[MUD-Dev] Re: WIRED: Kilers have more fun

Caliban Tiresias Darklock caliban at darklock.com
Mon Jul 27 20:00:43 CEST 1998


On 08:08 PM 7/27/98 -0600, I personally witnessed Chris Gray jumping up to
say:
>[Caliban Tiresias Darklock:]
>
> >Remember the Bard's Tale series? I think there
> >were FOUR monster pictures in the whole game. The name of the monster was
> >different, but look... same picture, same four-frame looping animation. And
> >guess what? We didn't care! 
>
>Hmm. I distinctly remember complaining that the pictures were the same.
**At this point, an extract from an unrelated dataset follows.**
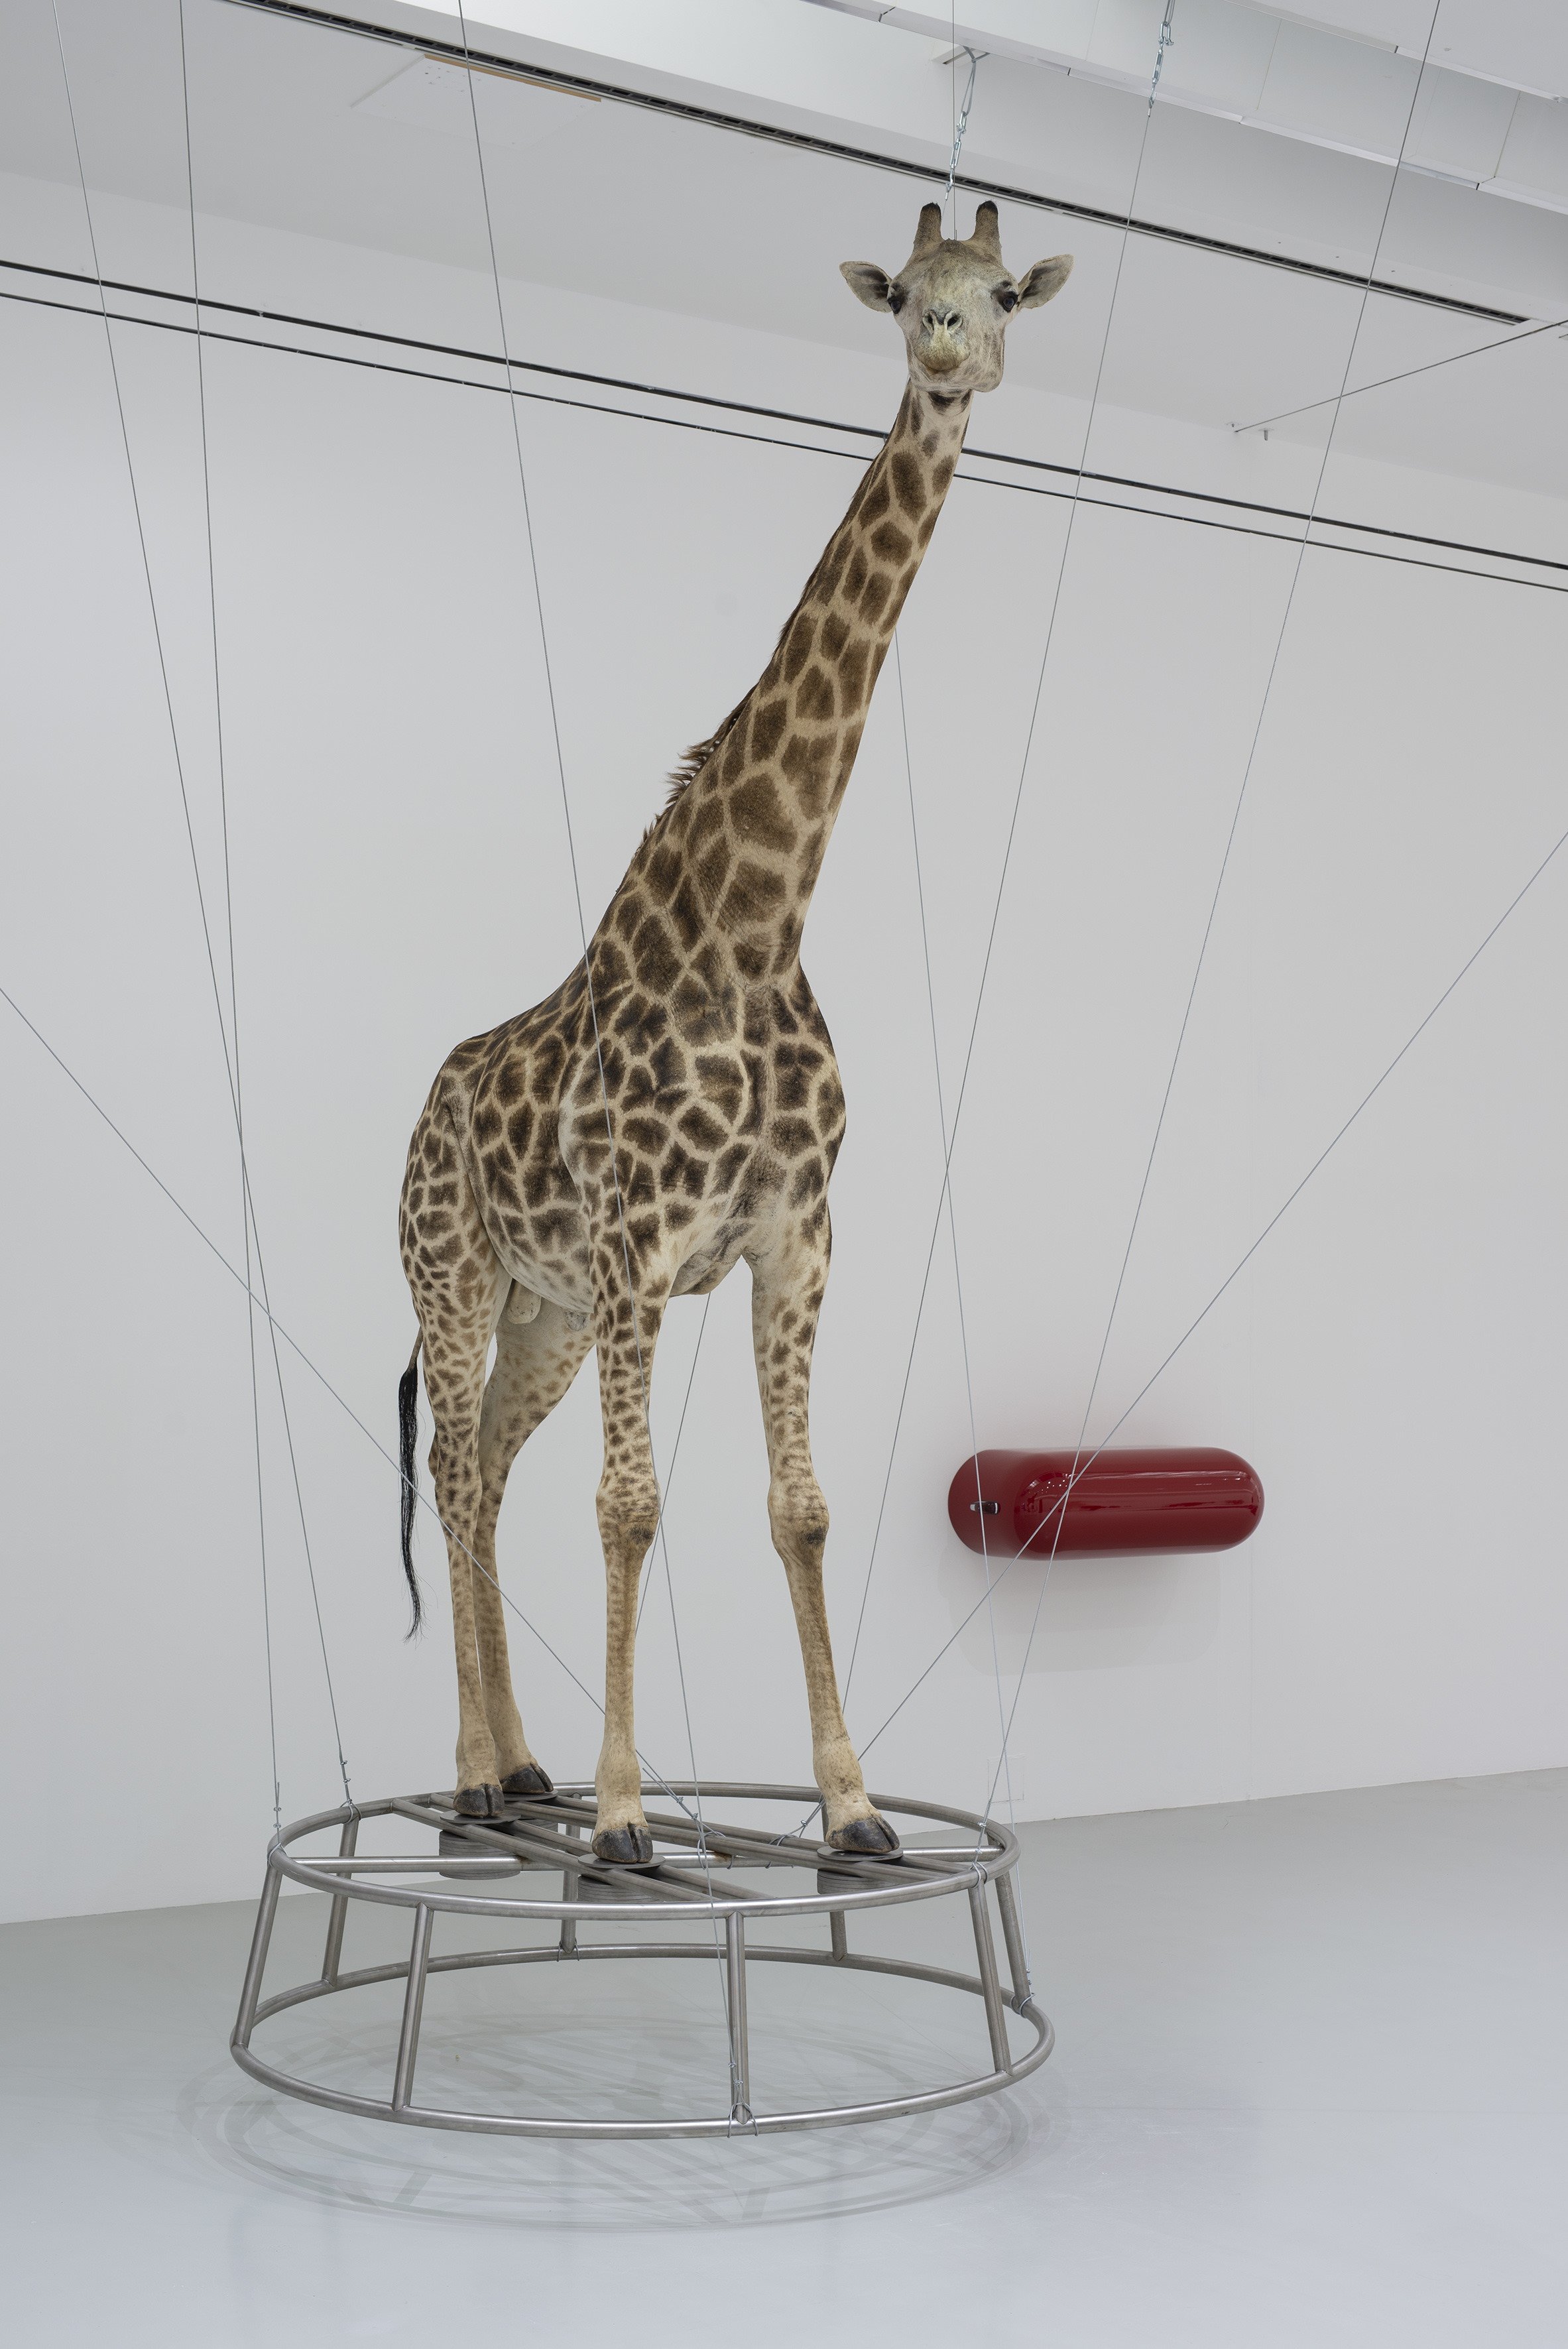 Christiane Möbus, Küsse vom König (Eng. Kisses from the King), 2001/2007, taxidermied giraffe, metal pedestal, wire ropes, 580 x 315 x 250 cm; © Christiane Möbus/VG Bild-Kunst, Bonn 2022, Photo: Herling/Herling/Werner, Sprengel Museum Hanover
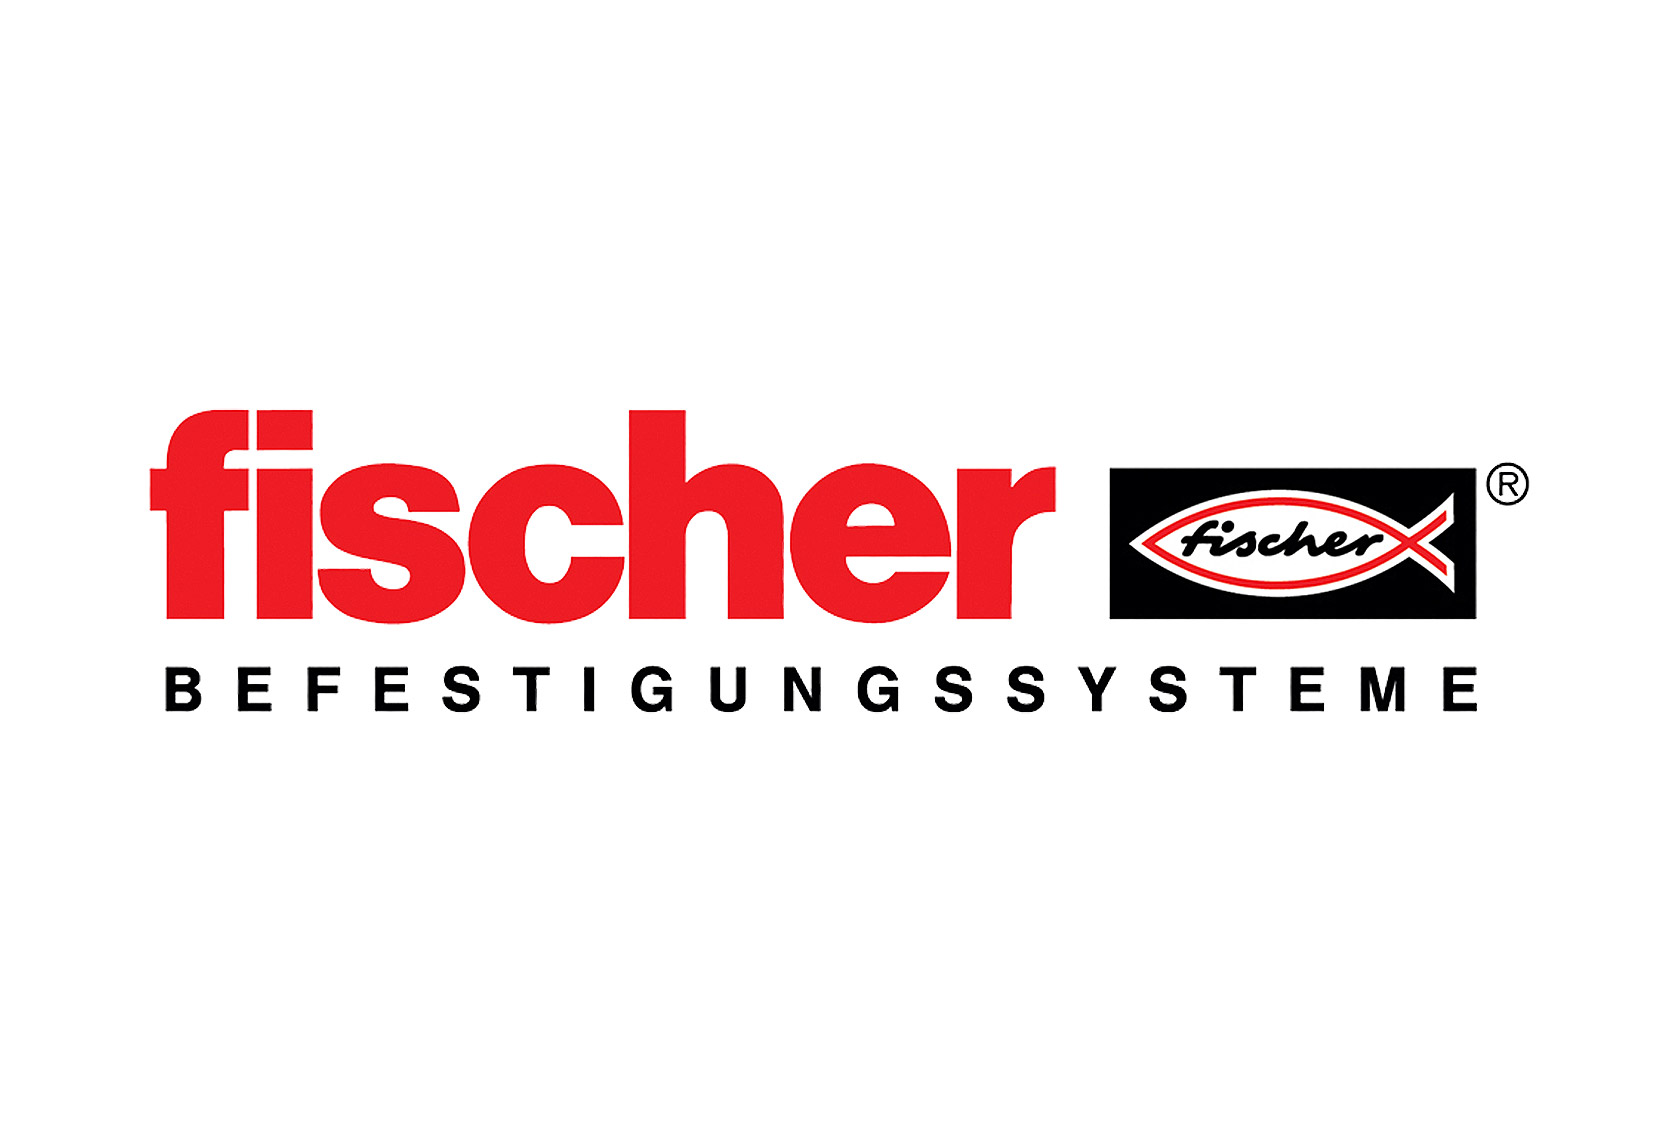 Fischer Cheville en nylon S4 Acheter chez JUMBO

Oh, sure, we COMPLAINED. But we didn't stop playing because of it. I think
we get awfully wrapped up in making sure no one can complain, but people
are going to complain no matter what. In the end, I prefer the complaints
to be about deliberate choices made in the construction of the game. "Hey.
When I buy the drive upgrade, it doesn't work on my warp field." "I know.
The warp field is a different engine, so it's not affected by the upgrade."
"That sucks." "That's life."

After a few situations like this, I hope the players will get into the
mindset that anything they find annoying about the game is deliberate.
"Hey... That was weird." "I wonder why it happened?" "It's a bug." "No it
isn't, there ARE no bugs in this game... they did that on purpose. I wonder
what it means."

>Appearance does matter, in general. 

I do see a major difference between BT and online games. When you load up
BT and look at the graphics and say "yuck", you've already paid for the
game and you don't want that money to be wasted. When you log on to a MUD,
and you think it sucks, you log off and go somewhere else. UOL is a little
different; you have to pay for the client, and then you go try it. If you
don't like it, tough. You're stuck with this client. Which is why I haven't
logged onto UOL just yet. ;)

>Just shows again, I think, that different things are important to
>different people.

And single-player gamers are significantly different from multi-player
gamers, which is something that requires some balance. There are things
that all gamers enjoy, things SP gamers enjoy, and things MP gamers enjoy.
It's tough to balance that out so you hit the right features and cut the
right corners. What you leave out is just as important as what you leave in.